Он вдруг откинулся на спинку кресла и громко выдохнул. На секунду замер, выпрямился и зловеще просипел:
– Постой, ты сказал – Самохин ранен?
– Тяжело, – не стал скрывать Меркульев, – пуля прошла через грудь, навылет.
– Твою мать… – смачно и витиевато выругался генерал, – еще и раненый сотрудник…
– Так как насчет Эйхмана? – попытался напомнить Меркульев.
– Пошел вон с глаз моих! Жди в приемной! – снова разразился матерной тирадой Цепков.
Лентищев, на удивление свежий и собранный, проводил изумленным взглядом выскочившего из дверей Меркульева, пожал плечами и вошел в кабинет.
С каждым входящим чином, все выше и выше по званию, Меркульев все глубже и глубже сползал в кресле. А начальников в кабинет набилось изрядно – случай был действительно из ряда вон выходящий.
Подполковник чувствовал себя премерзко. Усталость, боль от очередной неудачи, ожидание взбучки от начальства – все это не шло ни в какое сравнение с ощущением незаконченного дела. Проклятая ответственность разъедала его изнутри, заставляя, впрочем, как и всегда, идти напролом, невзирая на последствия.
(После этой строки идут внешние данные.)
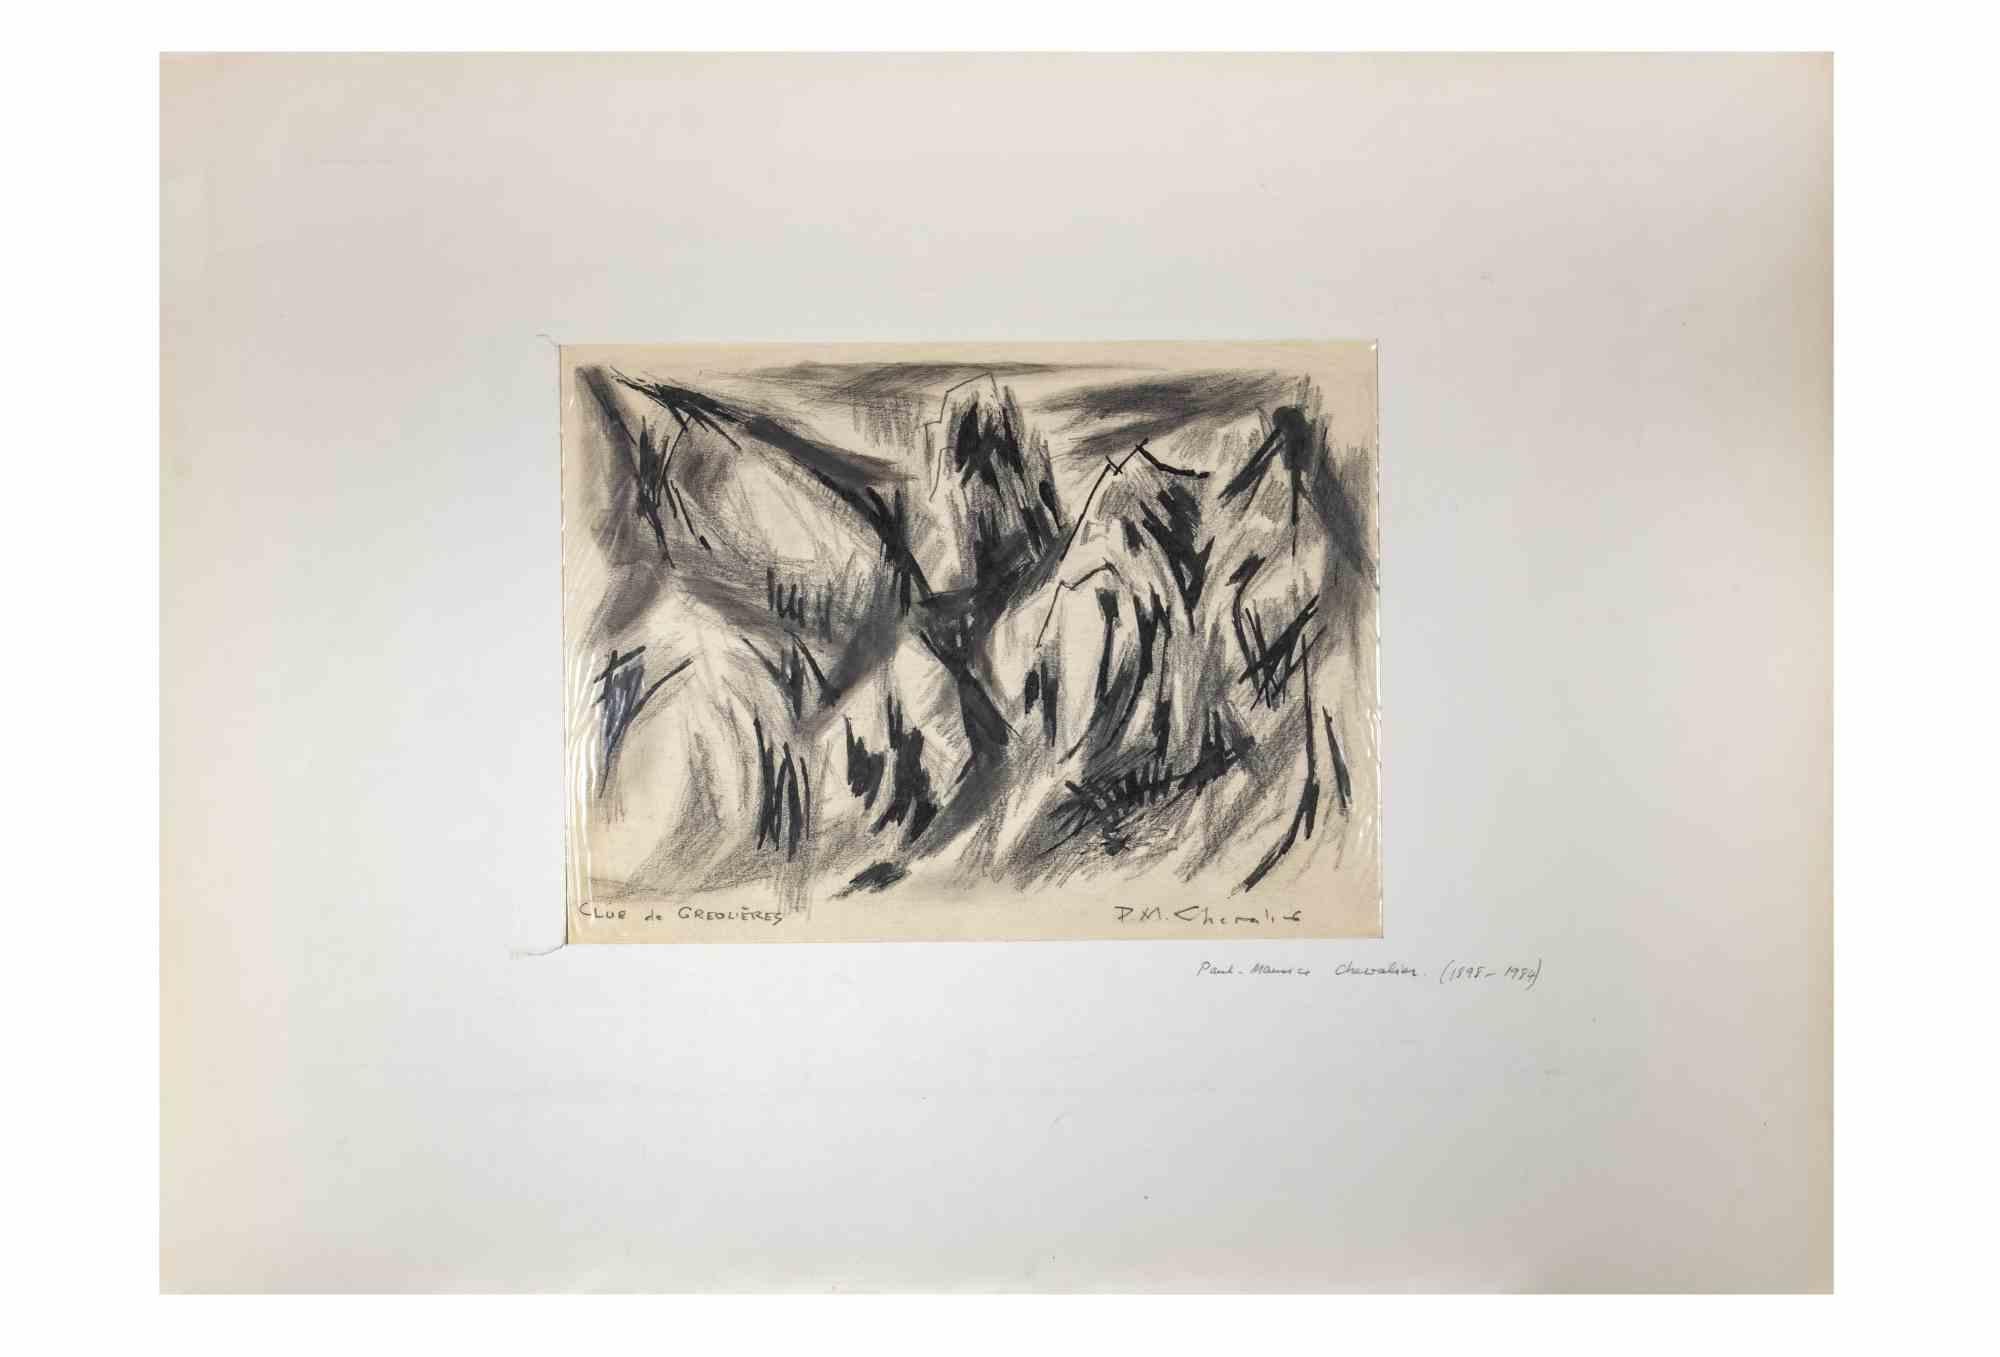 Mountains - Drawing by Paul-Maurice Chevalier - Early 20th Century For Sale 1

Добавляла страданий неизвестность – он не знал, что там с Борисом, жив или уже стал очередной жертвой его неосмотрительности?
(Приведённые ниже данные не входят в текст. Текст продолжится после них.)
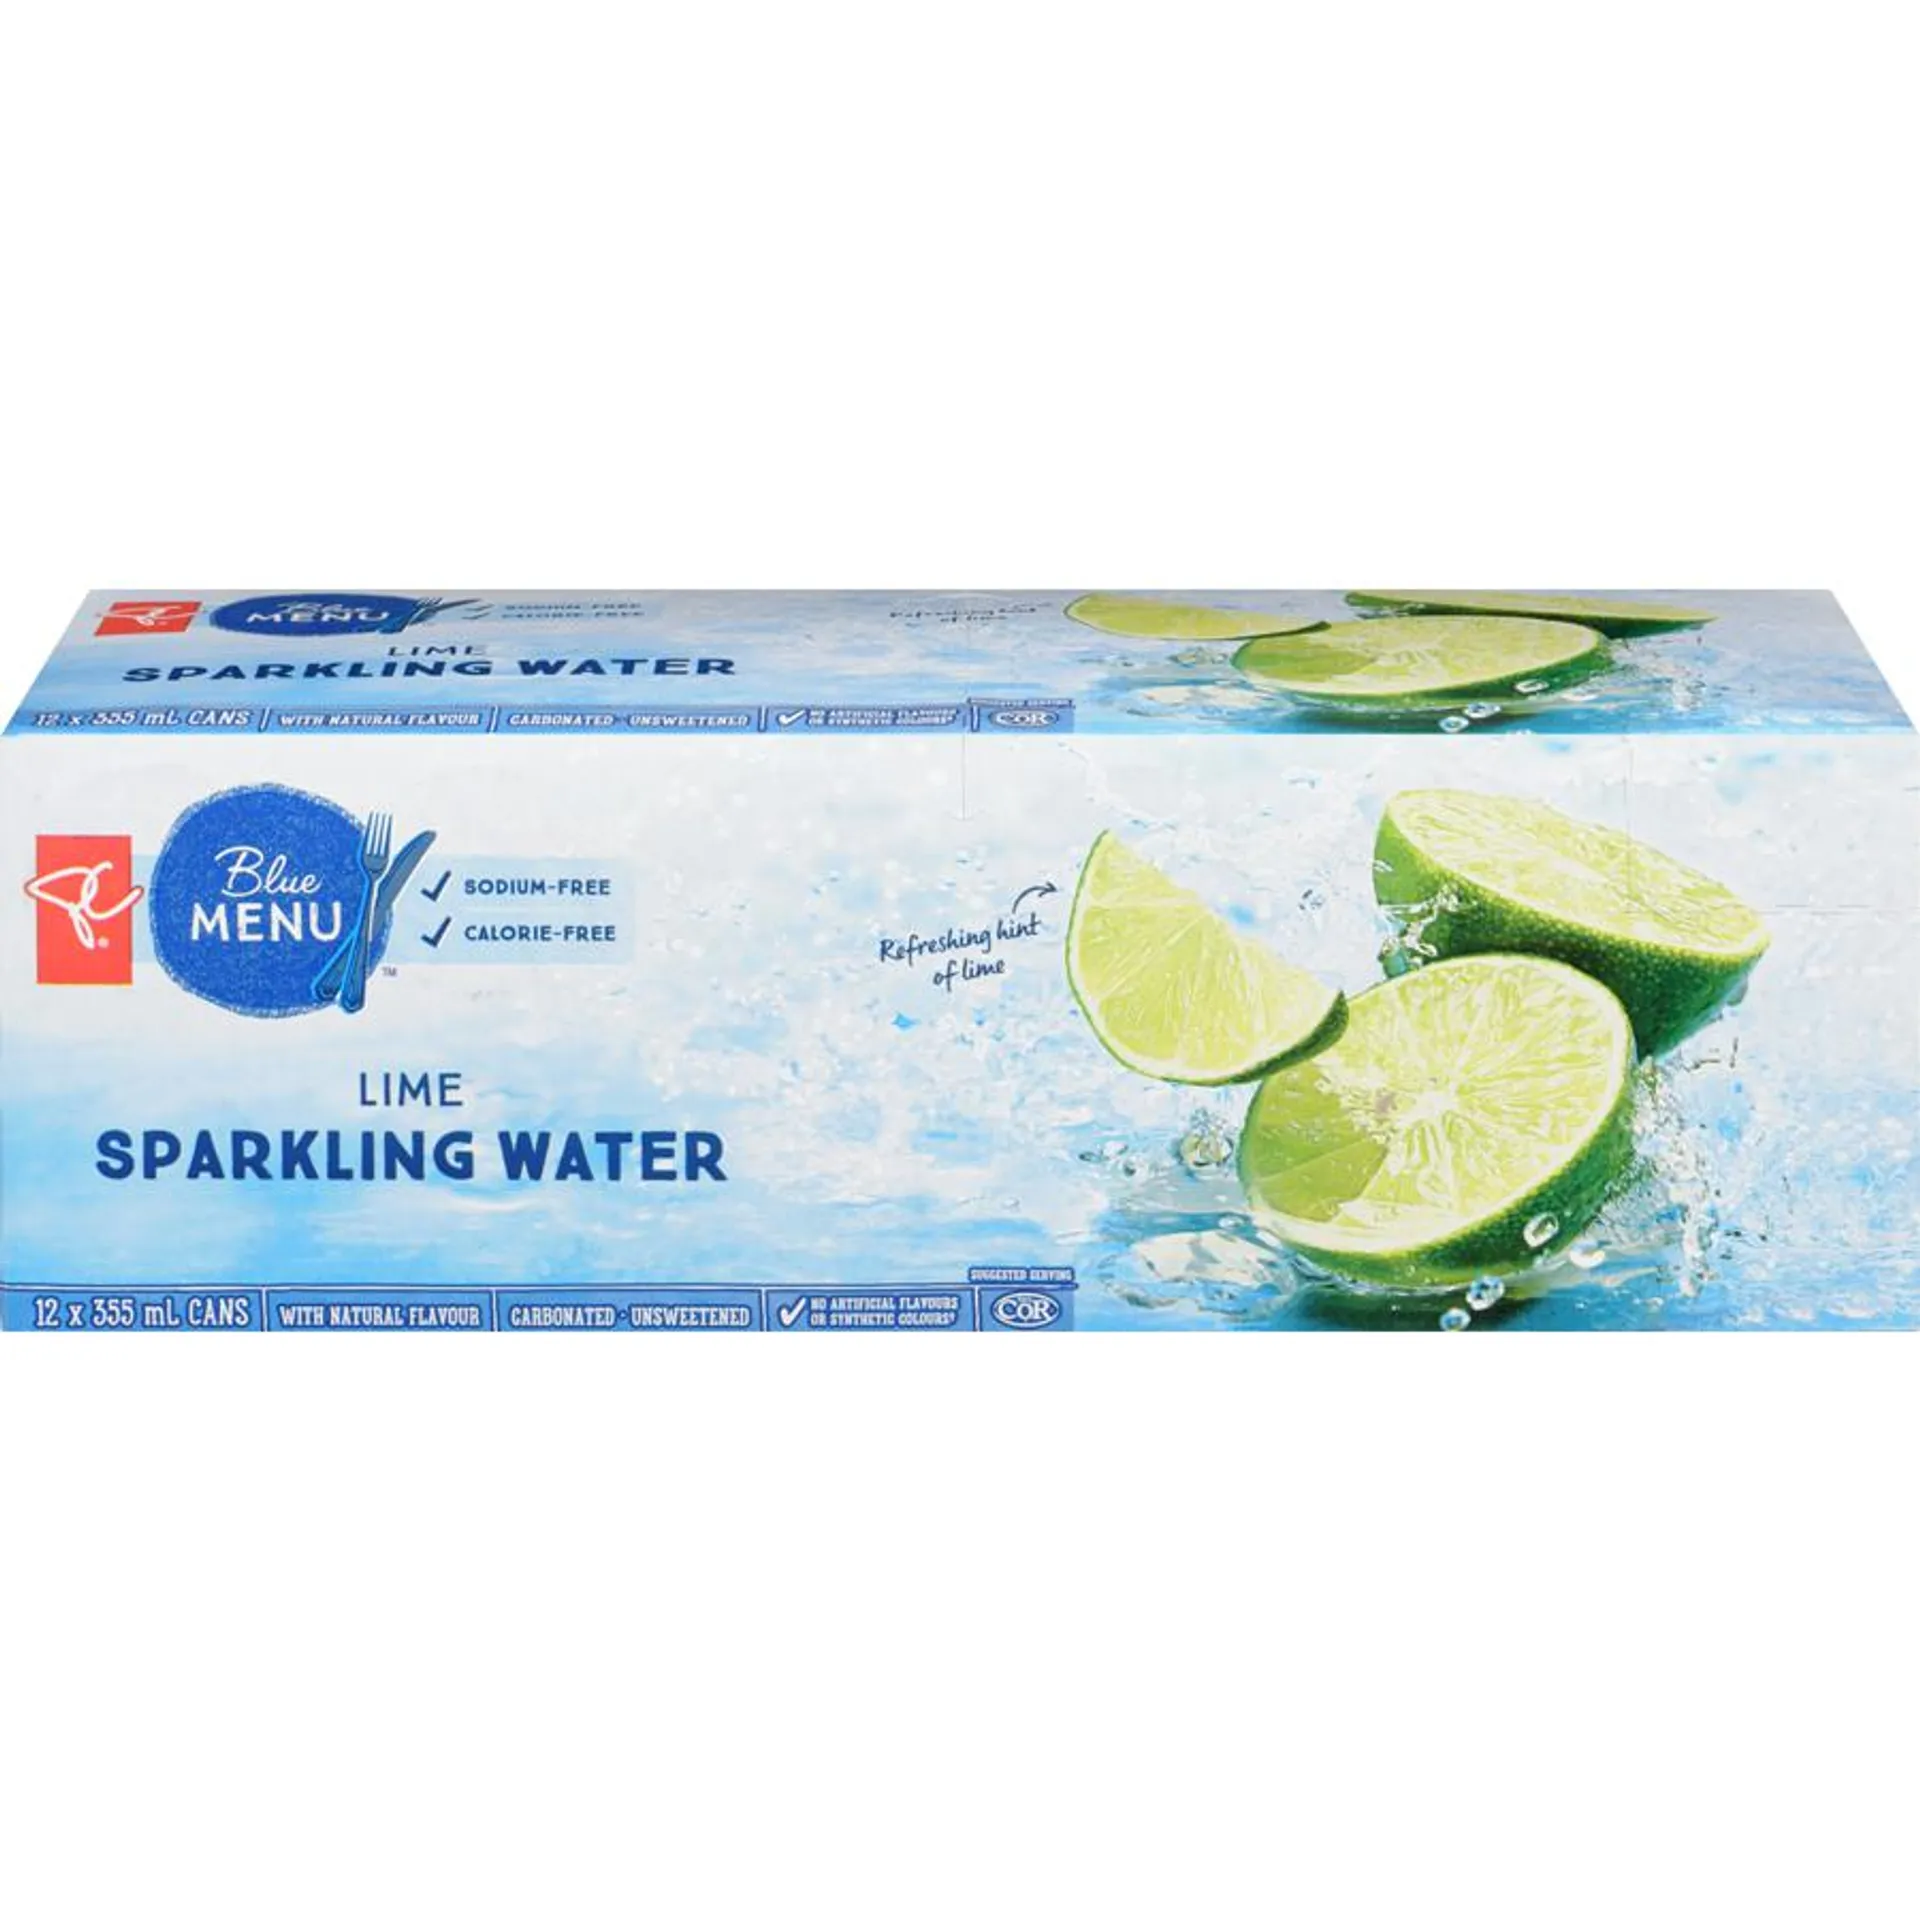 Lime Sparkling Water, 12-Pack

От переживаний и усталости Меркульев задремал, балансируя между сном и явью, тренированным ухом продолжая контролировать обстановку.
Сознание сработало вовремя – он проснулся одновременно со словами майора:
– Товарищ подполковник, вас вызывают.
Встал, одернул куртку, выдохнул и вошел в кабинет.
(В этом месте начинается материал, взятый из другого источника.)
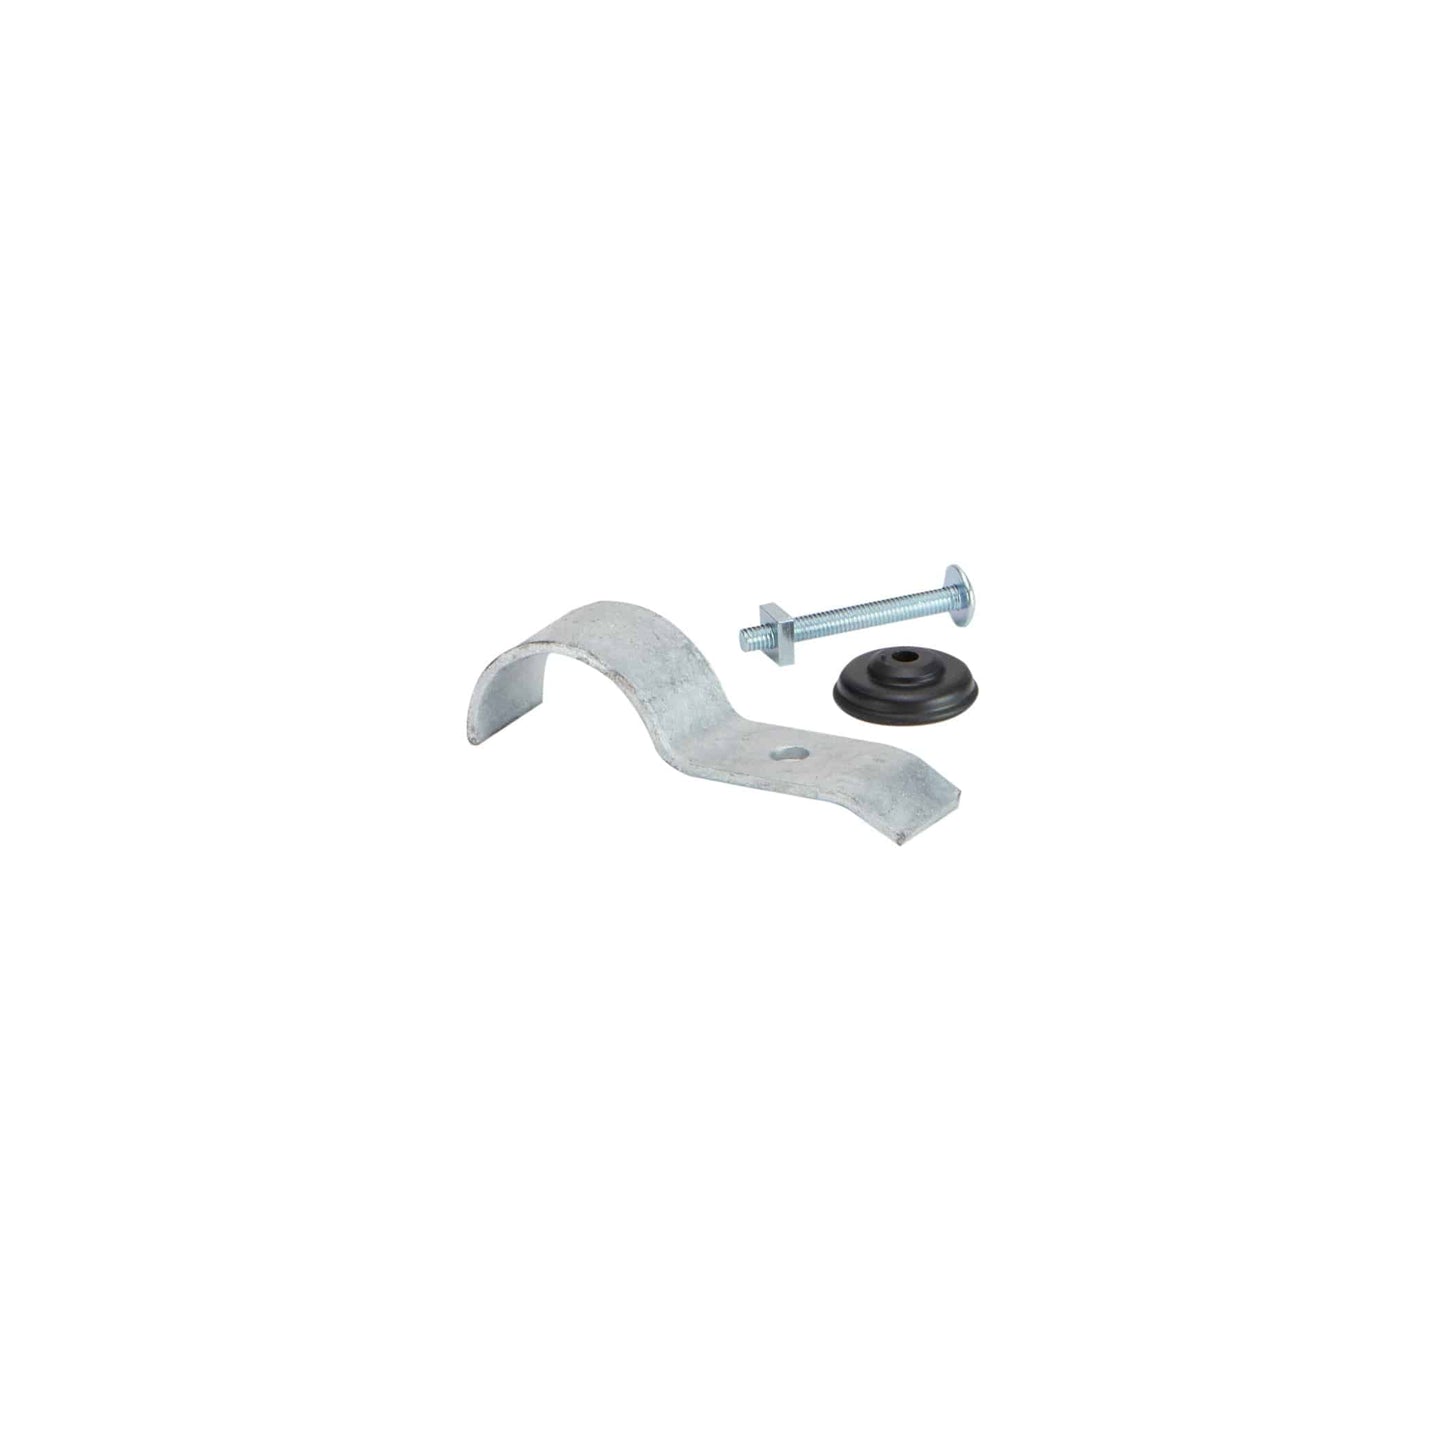 Sheeting Clip; Size: 1-1/4 in ID/1.66 in OD Pipe - Kee Safety

И тут же встал как вкопанный – за время его дремы в помещении осталось всего несколько человек, но – каких…
Кроме Цепкова, смотрящего на него исподлобья, сидящего в раздумье Лентищева и еще пары незнакомых, но таких же сердитых людей на подполковника остро смотрел представительный мужчина в строгом костюме. Белоснежная рубашка, темно-синий галстук и густющие черные брови на круглом лице. Второй секретарь Московского обкома КПСС Борисенков Василий Михайлович…
С ним Меркульеву, как одному из членов партийной ячейки, доводилось пересекаться на некоторых конференциях, но напрямую общаться – ранг не позволял. А тут – высокий руководитель собственной персоной и явно по его душу.
– Здравствуйте, Александр Александрович! – несколько медлительно, но весомо проговорил Борисенков. – Как вы понимаете, мы здесь собрались по весьма серьезному поводу, к которому вы имеете самое непосредственное отношение.
Он замолчал и внимательно посмотрел на Меркульева, словно проверяя эффект от своих слов.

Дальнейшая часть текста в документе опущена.